The win was sealed when Danny White lost a fumble and San Francisco won its first of five Super Bowl titles in a 14-year span two weeks later.

“Start of a dynasty,” former 49ers president Carmen Policy said. “I don’t let myself go down the road of what would have happened if he doesn’t make that catch.”

HOW ‘BOUT THEM COWBOYS

While the Niners dynasty was launched with that win, it was the start of Dallas’ demise under coach Tom Landry. The Cowboys bottomed out with a one-win season in Jimmy Johnson’s first season in 1989 before beginning a steady rise.

That helped lead to the Cowboys making it to the 1992 NFC title game in San Francisco against a stacked Niners team led by Steve Young and Jerry Rice.

But the young Cowboys didn’t flinch, getting two TDs from Smith to build a 23-20 lead and then Aikman helped seal it with a 70-yard pass to Alvin Harper to set up another TD.

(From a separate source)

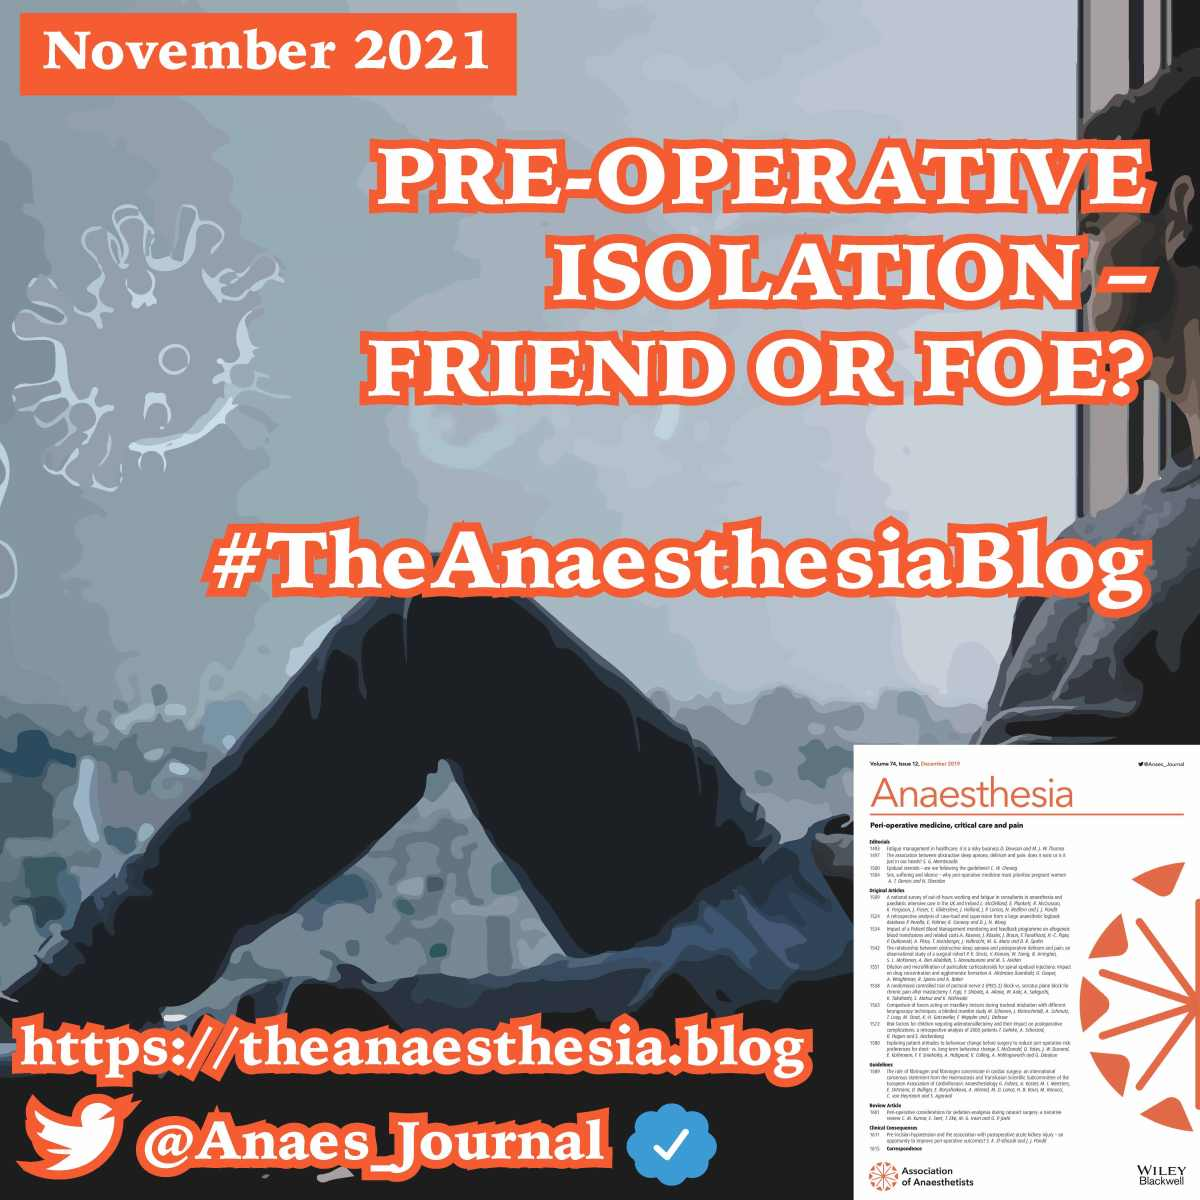 Pre-operative isolation – friend orfoe?
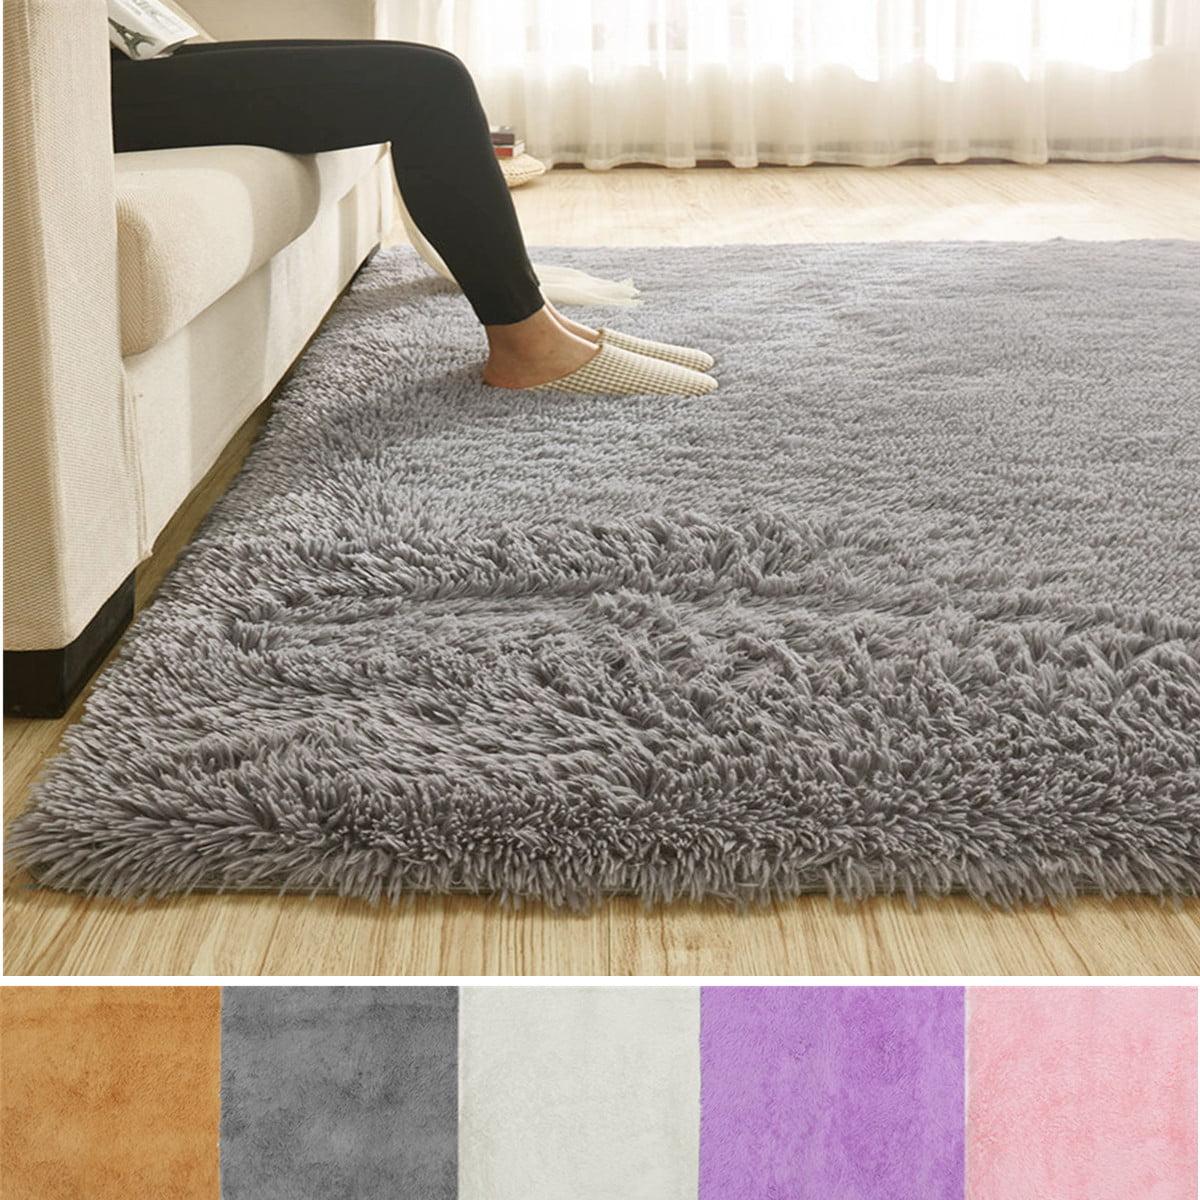 Plush Kids Tent Carpet Rug Mat Bedroom Cushion Replacement Hexagonal Pink

The rematch the next season wasn’t nearly as tight with the Cowboys building a 28-7 halftime lead on the way to a 38-21 win after Johnson guaranteed victory earlier in the week. Johnson punctuated both wins with his “How ’bout them Cowboys!” proclamation in the victorious locker room.

“I’ve been talking all week,” Johnson told his team. “If you’re gonna talk the talk, you gotta walk the walk. Thanks to you guys, y’all did the walkin.”

YOUNG’S BREAKTHROUGH

After those two losses raised questions if Young would ever win the “big one,” the game the next year helped establish him as one of the greats.

Eric Davis got it started with a pick-6 on the opening possession. Two more turnovers helped San Francisco break out to a 21-0 lead less than five minutes into the game.

“Spotting them a 21-point lead was like spotting Carl Lewis 20 yards in a 100-yard dash,” Smith said.

Young did the rest with two TD passes and a TD run and went on to win Super Bowl MVP two weeks later.

“To answer that pressure is one of the great feelings in sports,” he said after that win over Dallas.